On a bright, sunny day in Beantown, I arrive at Lovejoy Wharf on the Charles River, where Converse’s 10-story office building, complete with an adjoining flagship retail store and Converse Rubber Tracks recording studio, is situated. I walk in to find an open atrium with an enormous central staircase, and a grand Chuck Taylor sneaker chandelier that can only be described as #interiordesigngoals. Converse has even curated 22 works of art that are on display throughout the building—not too shabby.

As the first order of business, I meet with Damion Silver, the global design director for Converse All Star, who shows me the inspiration boards. He explains that creating the Chuck II was an overwhelming concept because the original is such a beloved shoe, but the team was up to the challenge of surpassing everyone’s expectations. He hands me a pair of Chuck IIs and I try to point out exactly what I think is different. Not to brag, but this sneakerhead nailed it. 
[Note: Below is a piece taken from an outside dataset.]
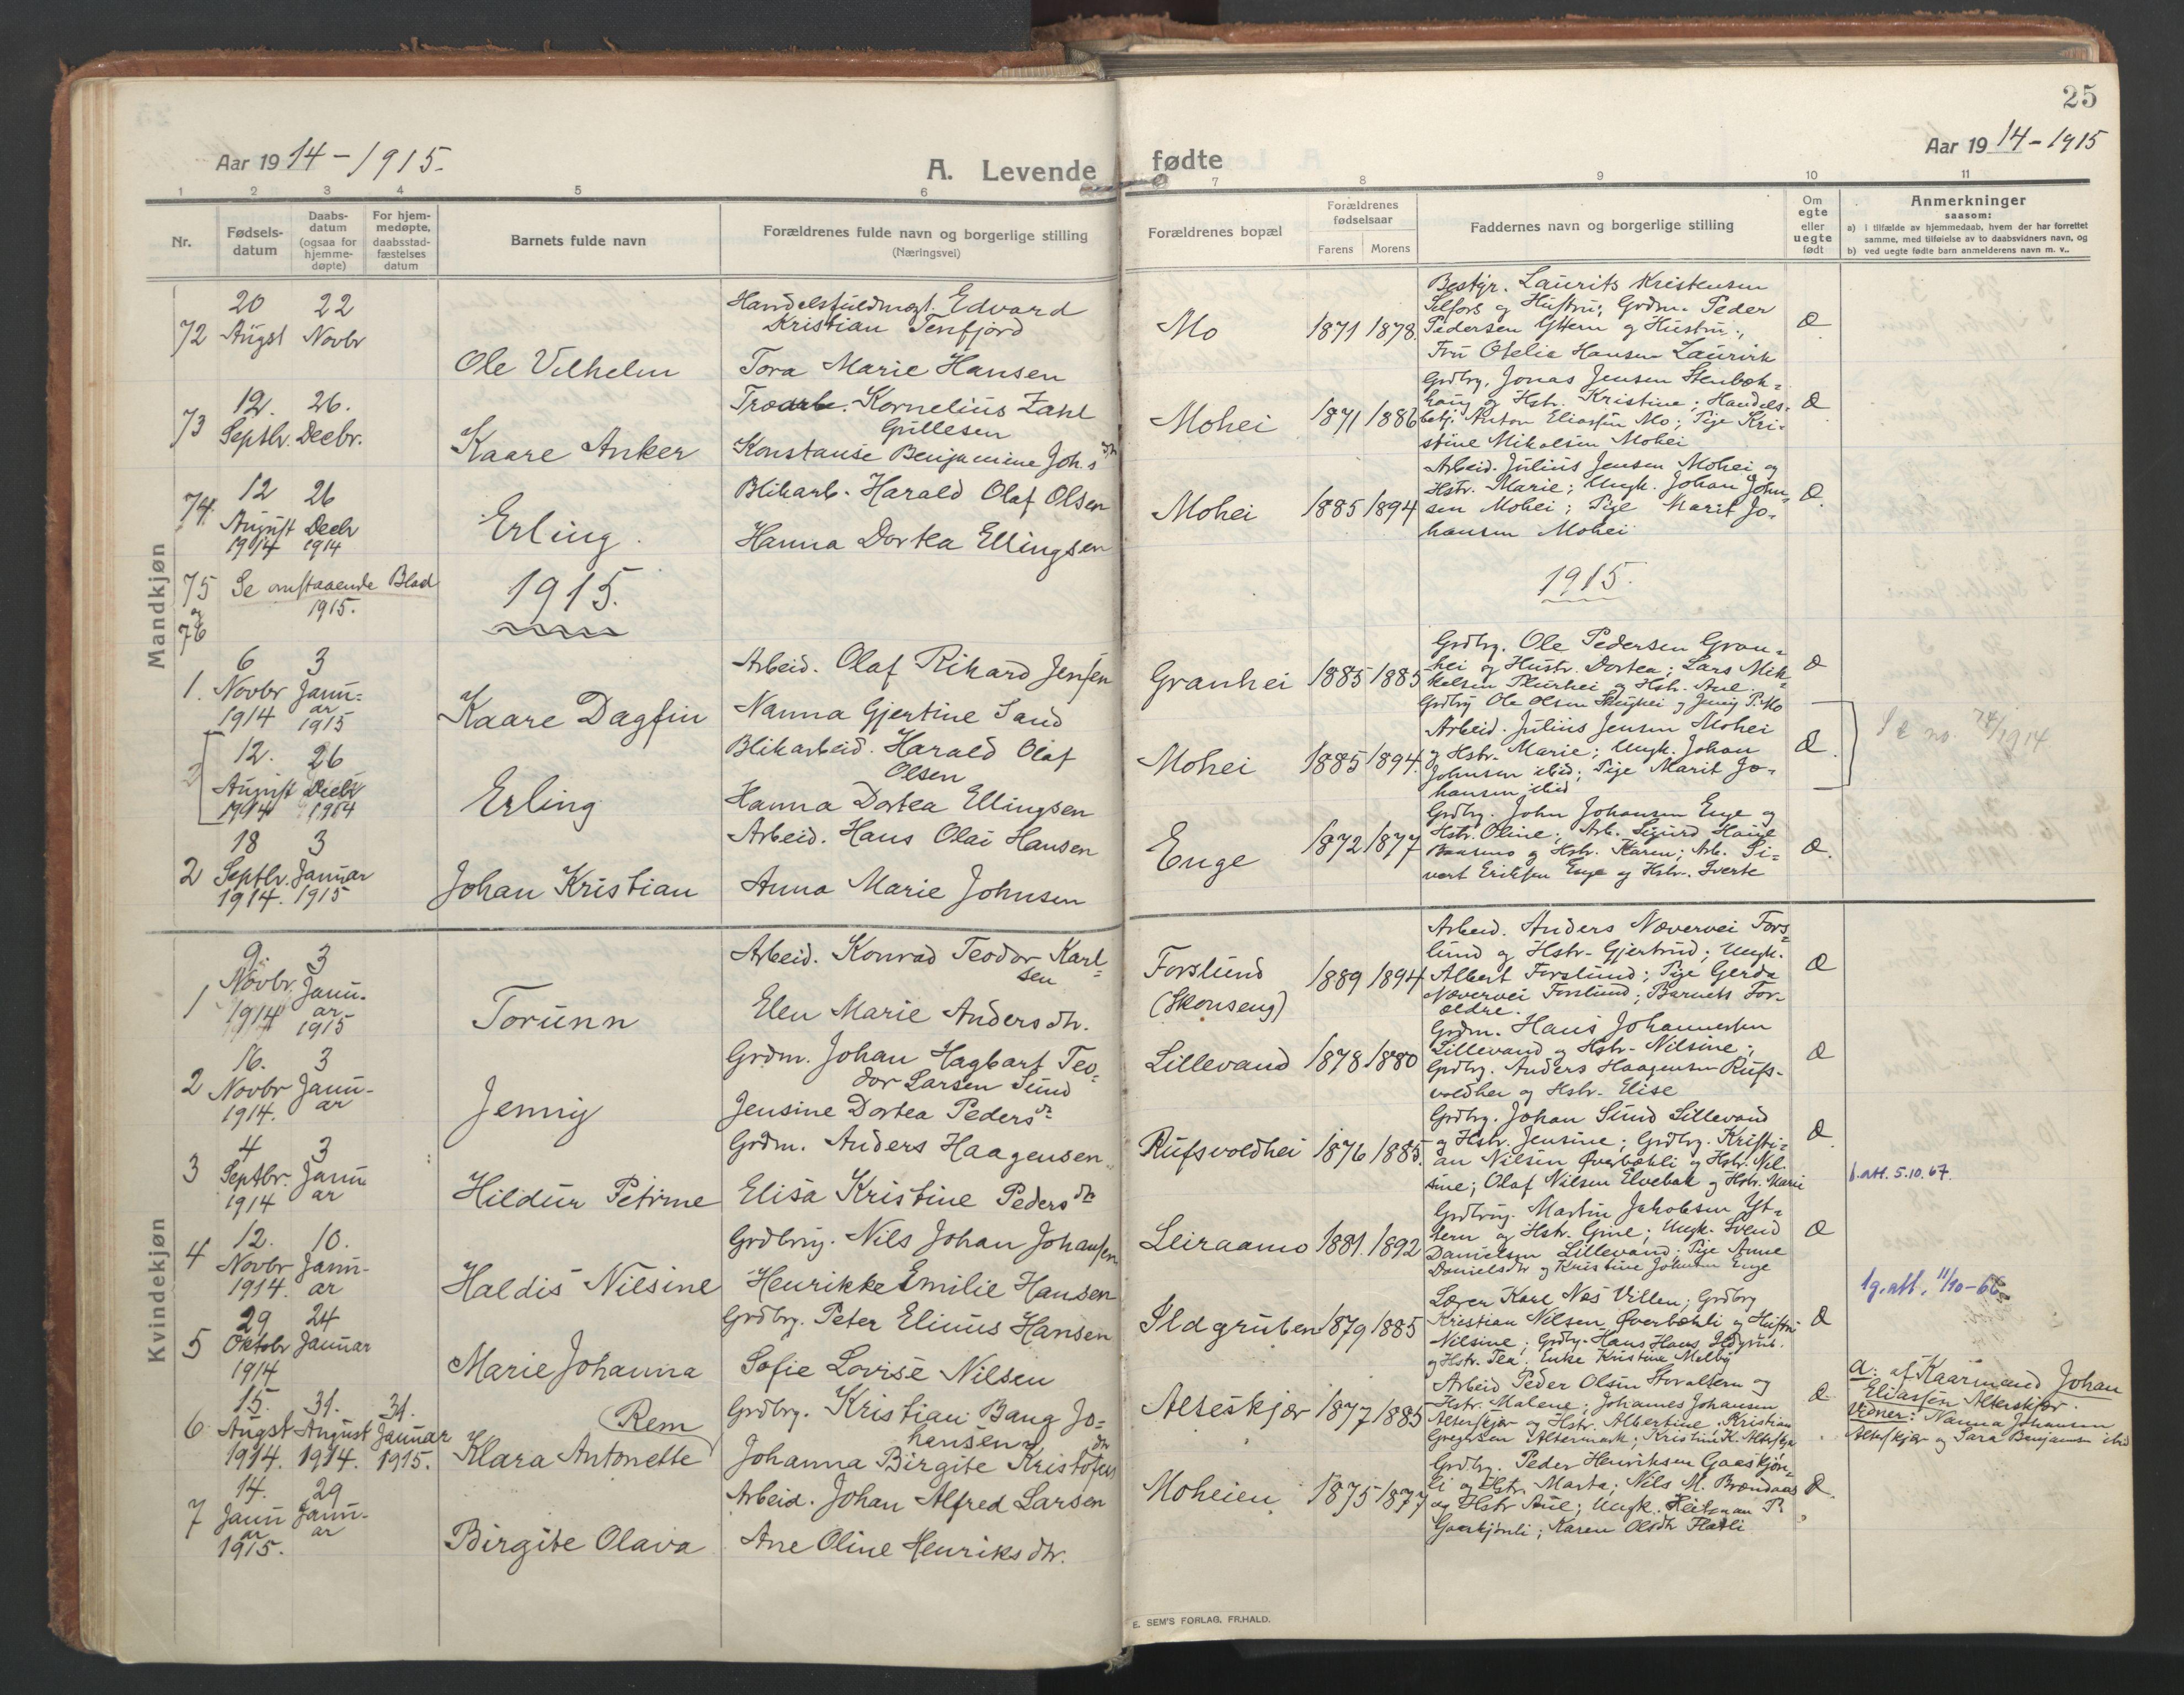 SAT, Ministerialprotokoller, klokkerbøker og fødselsregistre - Nordland, 827/L0404: Ministerialbok nr. 827A16, 1912-1925, s. 25

Basically, as promised, the Chuck II retains the most recognizable exterior attributes of the original Chuck Taylor (adding some sweet new monochrome matte eyelets, a fully embroidered logo patch, and all-white rubber foxing—that’s sneaker speak for the side of the sole!). The most noticeable change is the incorporation of comfort features to support the lifestyle of the creative, active, and overall cool people who wear Converse. This includes a Nike Lunarlon sockliner for full-foot cushioning and arch support, a foam-padded collar and tongue for 360-degree comfort, and a perforated micro-suede liner for breathability during extended periods of wear.
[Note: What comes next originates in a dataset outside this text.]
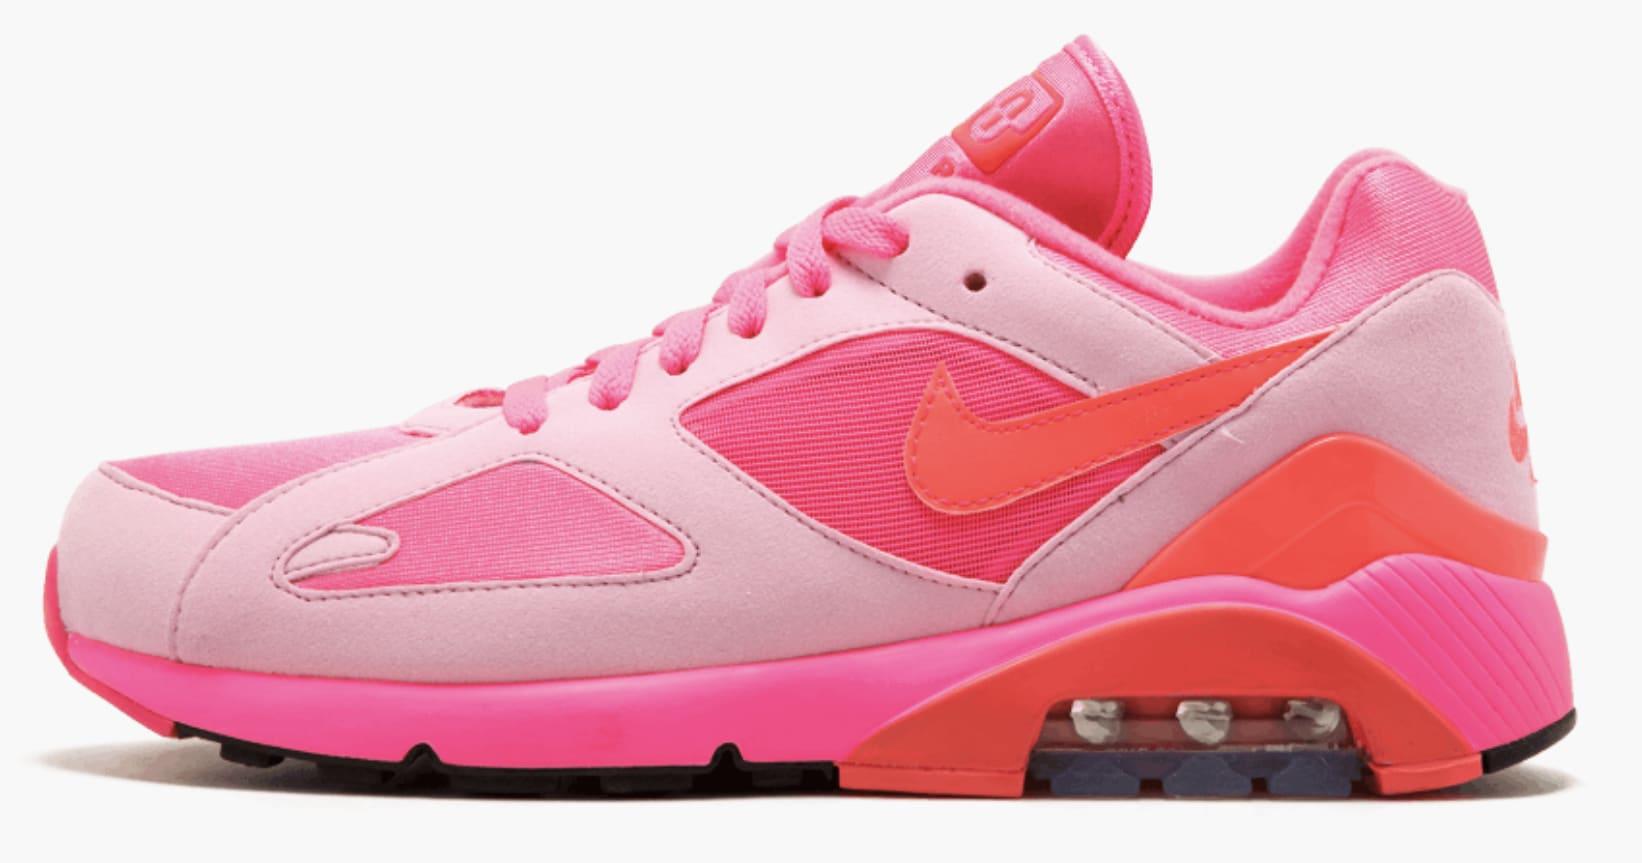 Comme des Garçons x Nike Air Max 180 (Pink)

Next, I meet Converse global creative director DTC Brandon Avery at the special customization area of the flagship store, where I have the run of the place to design two of my own pairs of Chucks. Spools of fabric line the wall (everything from rugged classics to expensive imported textiles). In honor of our America issue, my first pair will be a high-top that sports the stars and stripes in a pretty, woven fabric with a homespun feel. The other will be a multicolored leopard-print low-top with a white leather tongue and laces to balance out the busy pattern. (The fabric is a reinterpretation of an ’80s archival print; the low style is my personal favorite.) I’m then led over to a third area where an awesome camo-print fabric emblazoned with a yellow NYLON logo sits ready to be crafted into kicks—Converse has created this special, one-of-a-kind gift just for us! I’m beyond excited. I lay out all of the fabrics, cut the pieces according to the patterns, and send them to the team behind the scenes to be assembled and soled. (Fun fact: They have a red stripe down the outsole because they came from the Boston flagship store.)
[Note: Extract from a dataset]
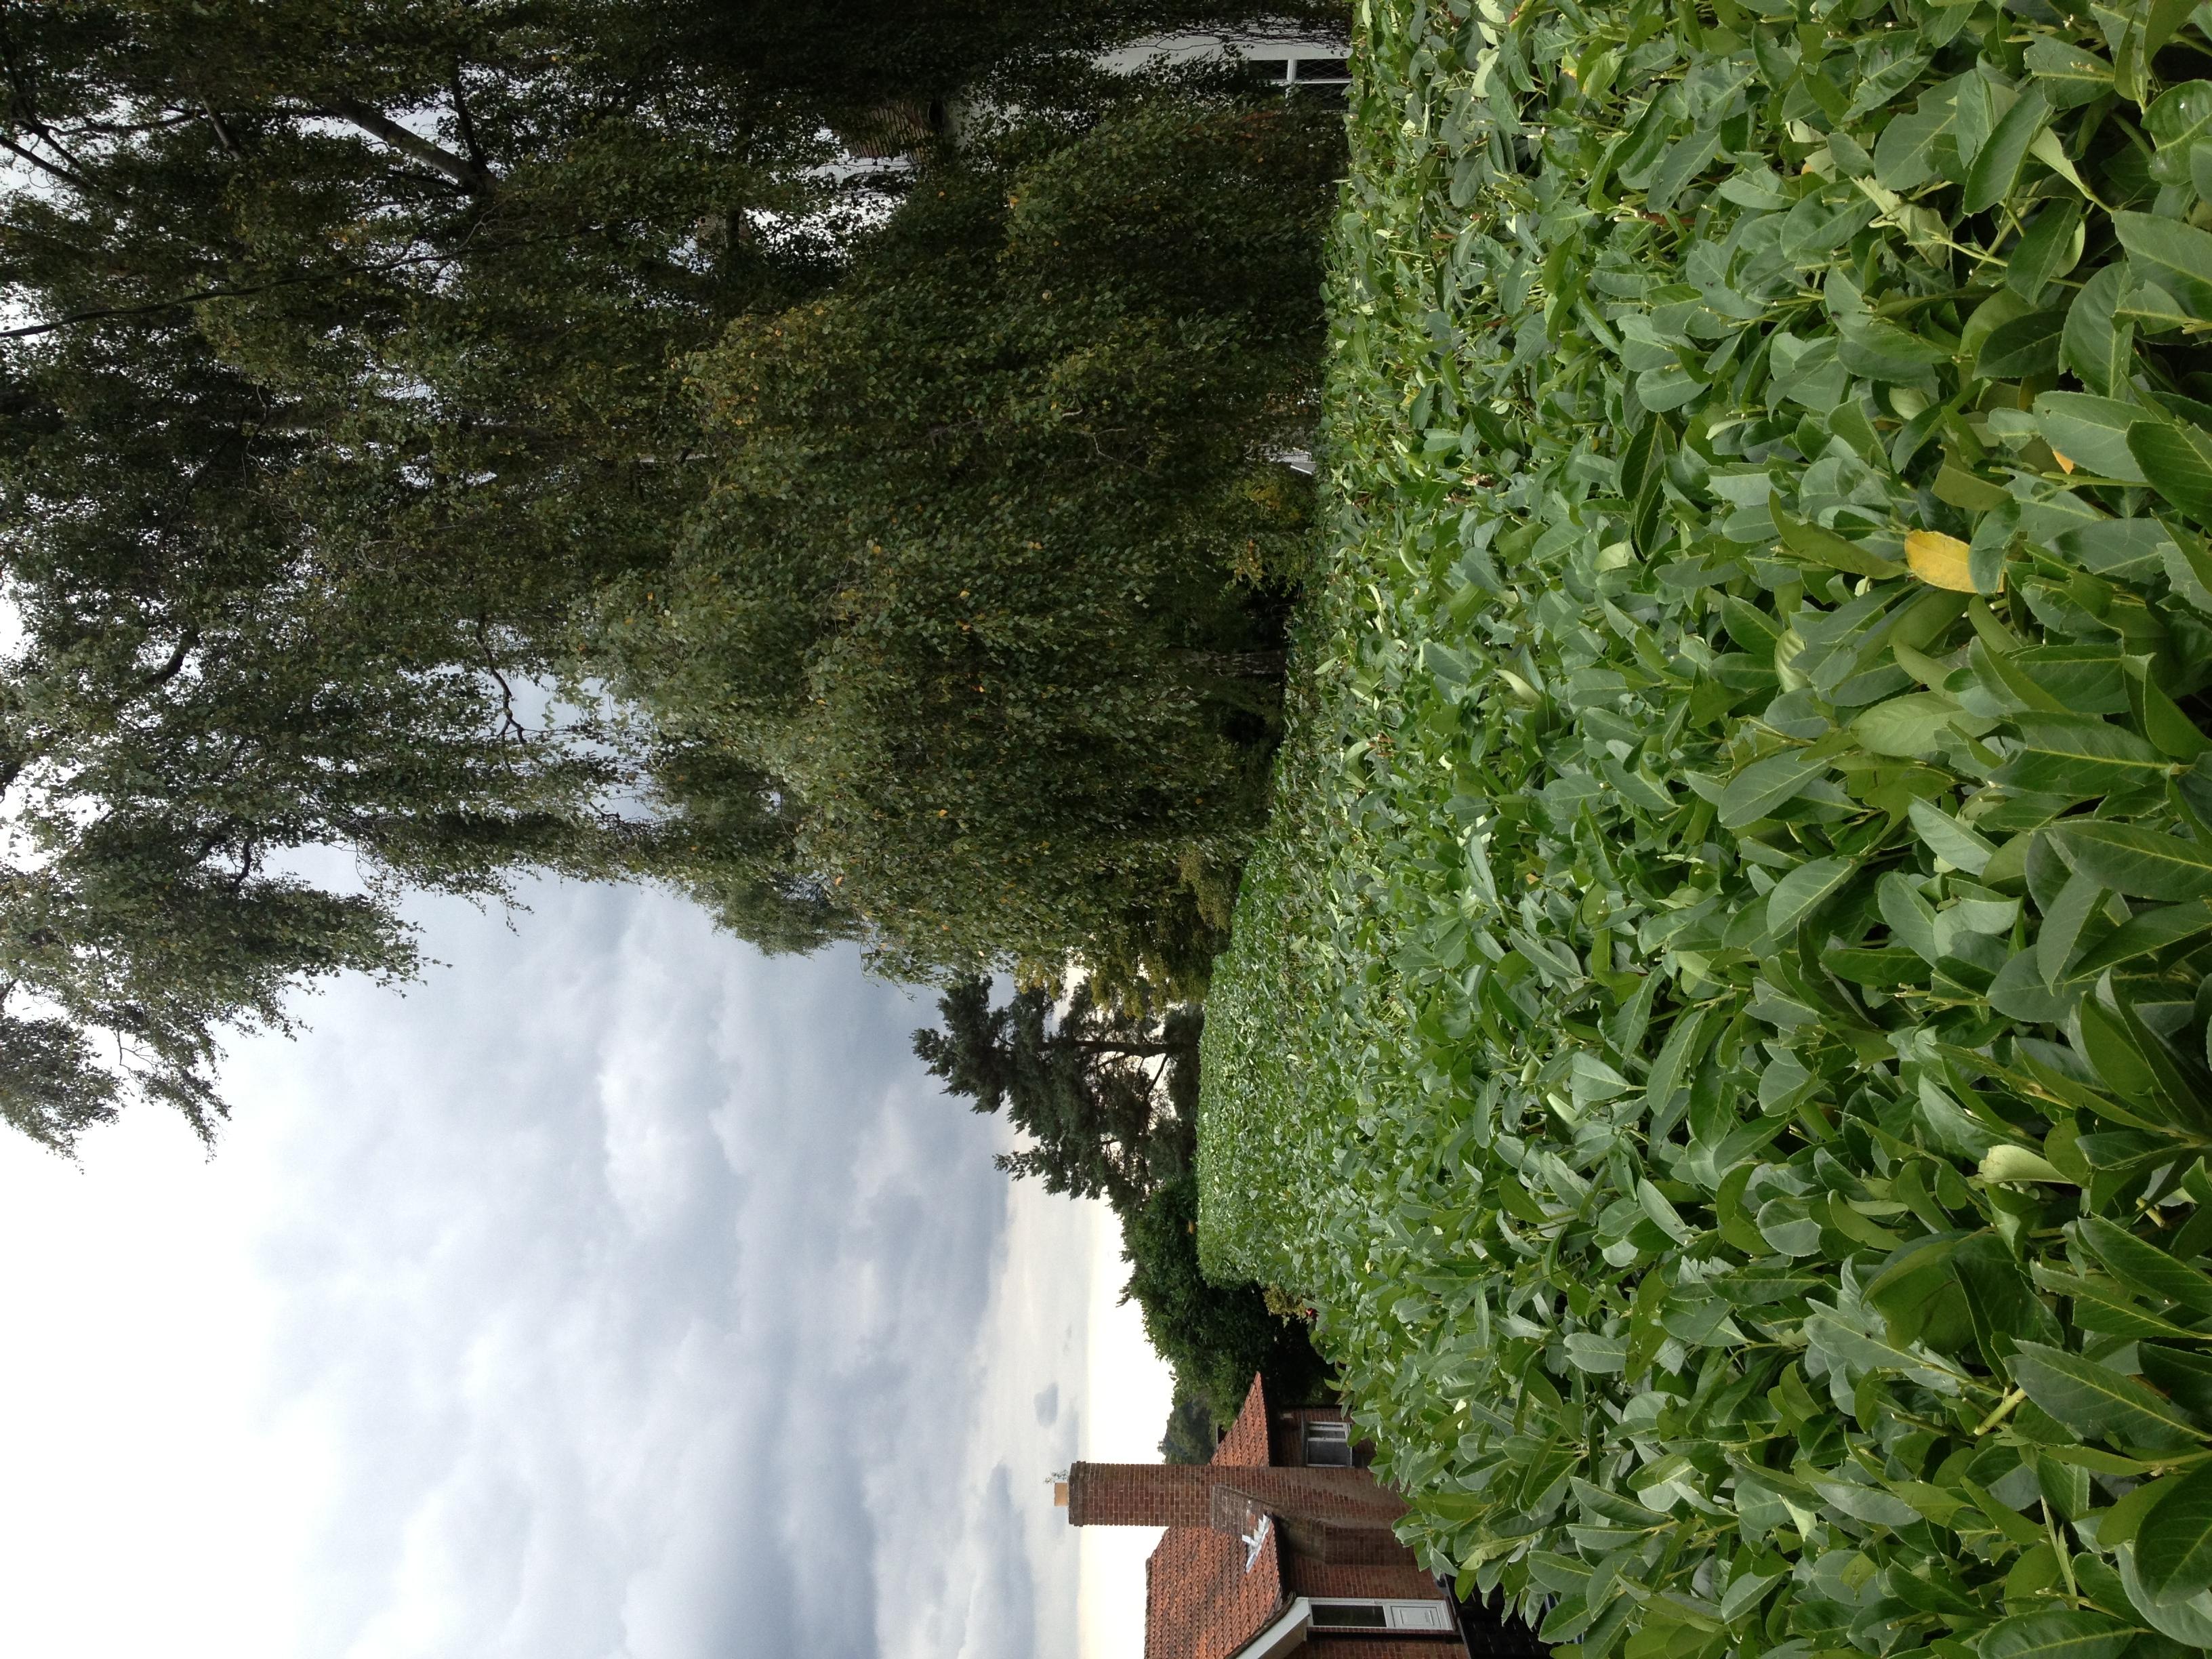 Greenacre_Trees_Landscapes_Hedge trimming 4.JPG

Before I go, I’m given a history lesson by Converse archivist Sam Smallidge himself. The archives feature the very first Chuck Taylors, Converse running trainers soled with Goodyear tires, sneakers worn by NBA players from the ’70s through the ’90s, and even pairs made in collaboration with artists and musicians including Andy Warhol, The Rolling Stones, Black Sabbath, and Gorillaz. It’s all kept behind glass display cases, but lucky me gets to take the items out and touch them; it’s like holding a piece of history.

I leave Boston with a profound sense of the cultural importance of this brand that has helped define footwear style here in the States and abroad for the better part of a century, and now with the Chuck II, will surely continue to do so for the century to come. And I say this in all seriousness, because girls like me know that sneakers are no joke.